Racialized Gendered Organizations
CONTACT: caleb_dawson@berkeley.edu
The “Racialized-Gendered Organizations” working group aims to investigate the intersection of race, gender, and organizations. We ask how organizations are both products and generators of unequal power structures in society. Topics of focus include: how racialized and/or gendered norms are created, enforced, and mobilized; roles of identity and power relations within/across organizations as they (re)produce, co-mediate, and enact social networks, practices, interactions, opportunities, and relations; the relationship across organizations (i.e., meso-level social structures) and across leveled context (e.g. the macro- and micro-level social structures) for the reproduction and contestation of oppression; how organizations provide affordances and constraints for individuals and groups; and the processes, potential, and tensions of structural change.

Relational Latinx and Asian American Cultural Studies
CONTACT: miguel_samano@berkeley.edu
Relational Latinx and Asian American Studies is a multi-disciplinary graduate student-led working group that will explore the aesthetic, political, and social practices of Latinx and Asian American communities as mutually entangled, a matter of linked fates. In anticipation of incipient demographic realities in the state of California and on campus, which has committed to achieving Hispanic-Serving Institution (HIS) status by 2026, but also in the wake of COVID-related anti-Asian violence—this group centers methodologies of relational racialization within the humanities and humanistic social sciences to probe some of the pressing research topics and issues of the moment.

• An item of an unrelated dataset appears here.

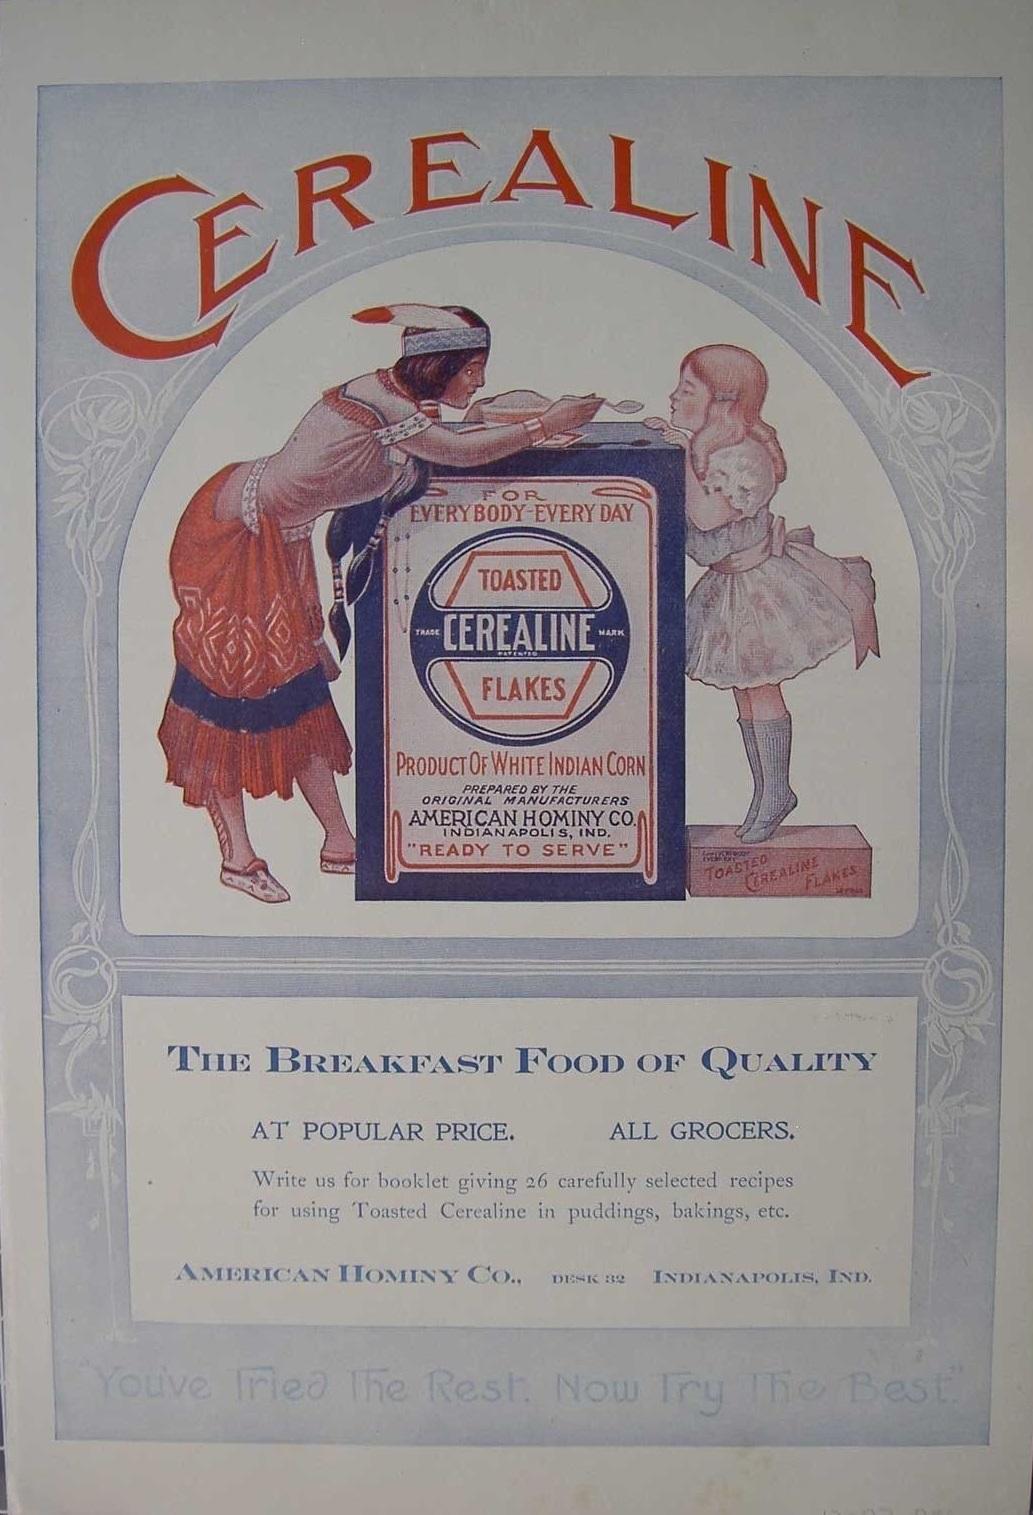 Sunday Adverts: American Hominy Company

Potential areas of focus include: the disclosure of the brown commons, feminist theories of the flesh, minor transnationalisms, solidarities with Afro-descent and Indigenous peoples, racialized intimacy, the racing of place, and the political recuperation of aesthetic categories such as the beautiful, among other topics. We welcome undergraduate and graduate students from all disciplines, as well as tenure-track and contingent faculty to join us for regular reading discussions, manuscript workshops, guest talks, and collaborative projects.

Transecological Imaginations: Spatial Theory and Transformative Practices
CONTACT: chandra_laborde@berkeley.edu
Transecological Imaginations is conceptualized as a working group that bridges spatial theory and transformative practices to imagine equitable futures. Transecological ethics is an embodied relation to place which is attuned to histories of difference in all its forms, especially the ones that challenge binaries such as nature/culture, female/male, etc. This framework aims to resist a planetary future centered on anthropic exceptionalism that hierarchizises life according to colonial, racial, and gendered forms of violence and perpetuates precarious life. We attempt to conjure a postanthropic vision to build a future where justice dwells.
We will focus on a building at the intersection of Turk and Taylor streets, in the Tenderloin neighborhood, San Francisco. This crossroads was the site of a queer grassroots uprising against police brutality, the Compton’s Cafeteria Riot of 1966. The riot at Compton’s was spearheaded by street youth and gender-nonconforming people three years before the Stonewall Riot in New York. Today, the three-story building is operated as a “halfway house” by GEO Group, a for-profit prison company. Our goal is to research the material necessary to collaboratively envision a speculative design proposal that decarcerates the historic building and resurfaces its legacy of resistance.